Немцы, проживавшие в Бизонии, далеко не сразу почувствовали не себе плоды нового курса Запада в германском вопросе. Их будничная жизнь продолжала определяться борьбой за существование. Кризис 1946/1947 гг. стал самым жестоким за все послевоенные годы. Нехватка угля, поставлявшегося в счет репараций, и продовольствия (его конфискованные запасы кончились, поставки из Восточной Германии прекратились, а крестьяне уклонялись от продажи плодов своего труда по заниженным ценам) в условиях необычно суровой зимы привели к массовому голоду, которого население Германии не знало и в годы войны. Немалую долю ответственности за такое развитие событий несло сохранение западными оккупационными властями основ принудительной экономики, появившейся в годы войны. Ее отличала замена рыночных механизмов административным контролем за сферой производства и потребления. «Экономический дирижизм на три года пережил нацистское государство» (А. Мюллер-Армак).

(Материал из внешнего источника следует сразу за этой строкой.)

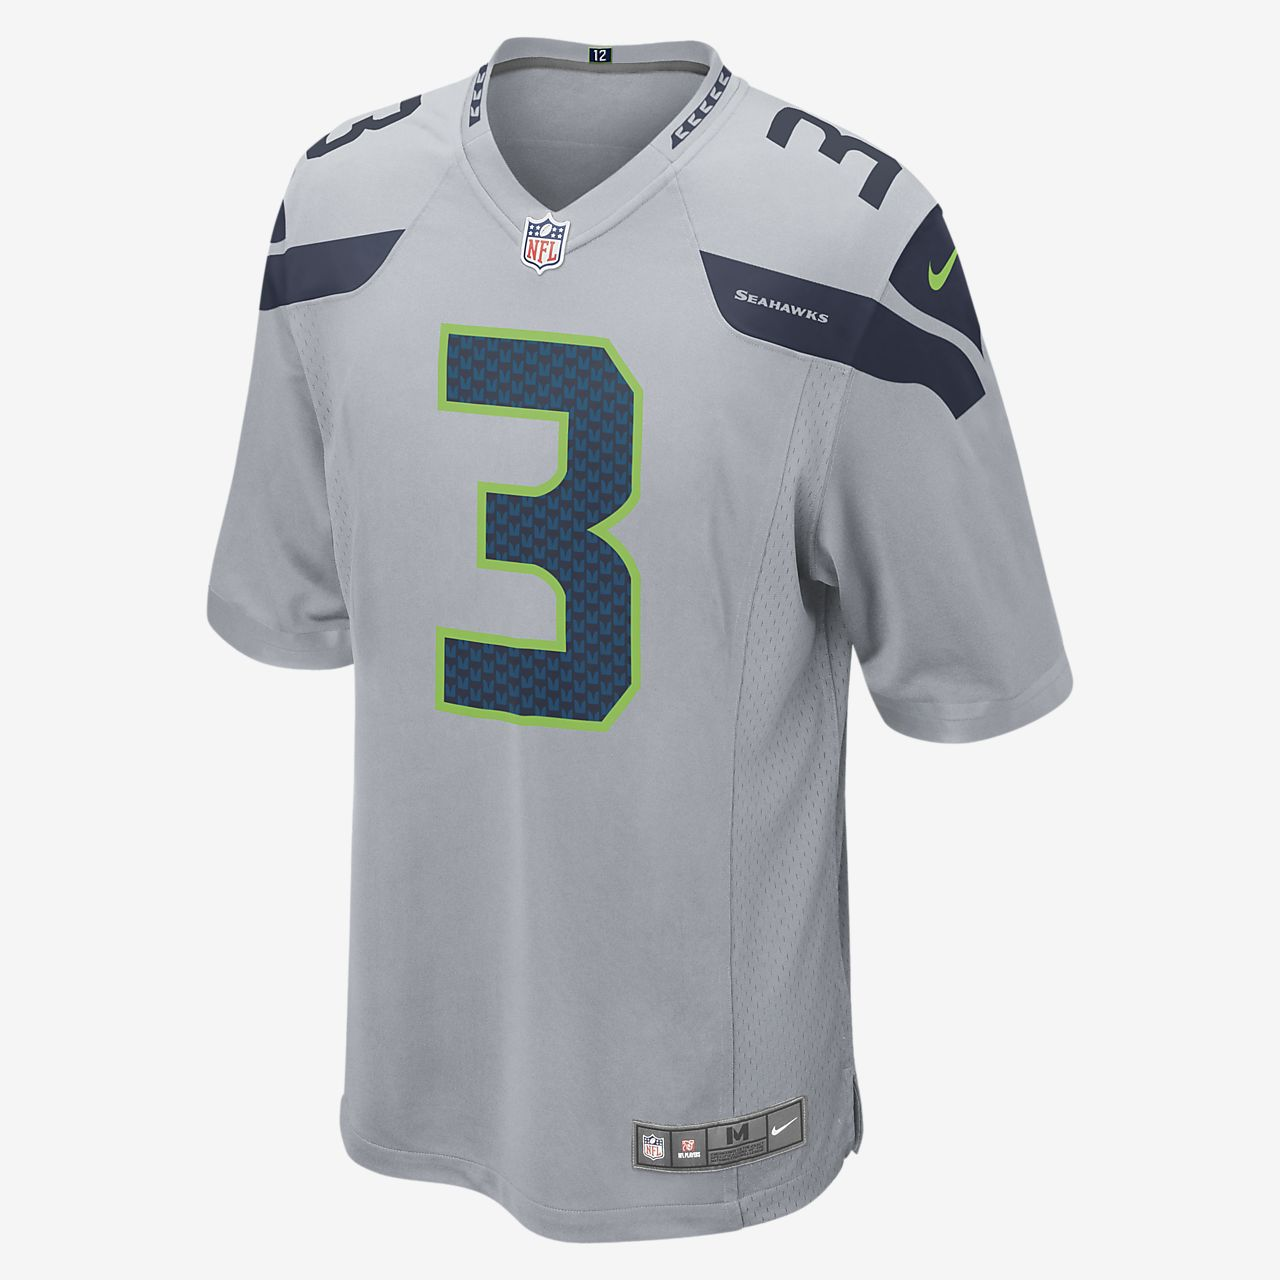 Camiseta oficial de fútbol americano para hombre NFL Seattle Seahawks (Russel Wilson)

Система, сносно функционировавшая на исходе «третьего рейха», отказывалась работать в условиях оккупационного режима. Только в хозяйственных ведомствах Бизонии работало несколько тысяч чиновников, учитывавших и распределявших абсолютно все вплоть до бритвенных лезвий и детских колясок. Коррупция административного аппарата стала притчей во языцех, сокрытие товаров от учета – любимым занятием фабрикантов и торговцев. Неизбежное в условиях тотального дефицита сохранение карточной системы не спасало положения. Особенно туго приходилось рабочим и служащим, жившим на замороженную с 1936 г. зарплату, выдававшуюся к тому же в обесцененных рейхсмарках. Чтобы прокормить семью, приходилось отправляться на «черный рынок», цена килограмма масла на котором превышала среднемесячную зарплату. Здесь, в теневой сфере экономики (зачастую не без участия сотрудников оккупационной администрации) в те годы создавались целые состояния. Чтобы удержаться на плаву, предприятия занимались бартерной торговлей, выдавали зарплату своему персоналу произведенной продукцией.
В условиях, когда самой твердой валютой являлись американские сигареты и шоколад, в послевоенном обществе начала складываться новая иерархия. Наверху оказались те, кто имел доступ к закрытым магазинам и складам военных администраций, затем шли предприниматели и ремесленники, производившие из доступного сырья предметы первой необходимости от буржуек до зажигалок, наконец, крестьяне, вернувшиеся к натуральному хозяйству и без труда выменивавшие у горожан, осаждавших деревни, любые предметы роскоши. У подножия социальной пирамиды оставались инвалиды войны, жившие на мизерное пособие, потерявшие нажитое переселенцы, индустриальные рабочие и служащие, не имевшие доступа к контролю за товарными потоками. Излишне говорить о том, какое влияние принудительная экономика первых послевоенных лет оказывала на состояние умов большинства населения. Немцев «мариновали» до тех пор, пока у них не выветрились социалистические настроения. Попытки обобществления тяжелой промышленности, прежде всего в Руре, были свернуты англичанами со ссылками на недопустимость экспериментов в условиях жестокого дефицита угля и стали. Американская военная администрация действовала более жесткими методами, отменив аналогичный закон, принятый в Гессене, хотя вопрос о социализации стоял отдельным пунктом конституционного референдума, проведенного в этой земле 1 декабря 1946 г.
Политика торможения социально-экономических перемен, которую на свой страх и риск проводил глава военной администрации США в Германии генерал Люциус Клей, в конечном счете получила одобрение из Вашингтона. Новая директива президента Трумэна, принятая 17 июля 1947 г. предписывала американским оккупационным властям «показать немцам преимущества экономики свободной конкуренции». Подкреплявший ее план Маршалла обеспечил инвестирование в Западную Германию с 1948 г. по 1957 г. полутора миллиарда долларов. В условиях «холодной войны» стремление США поскорее поставить на ноги своего потенциального союзника не вызывало сомнений. Свою роль сыграл и страх перед повторением межвоенного сценария в самой Германии, когда проблема репараций стала питательной средой для реваншистских сил с партией Гитлера во главе.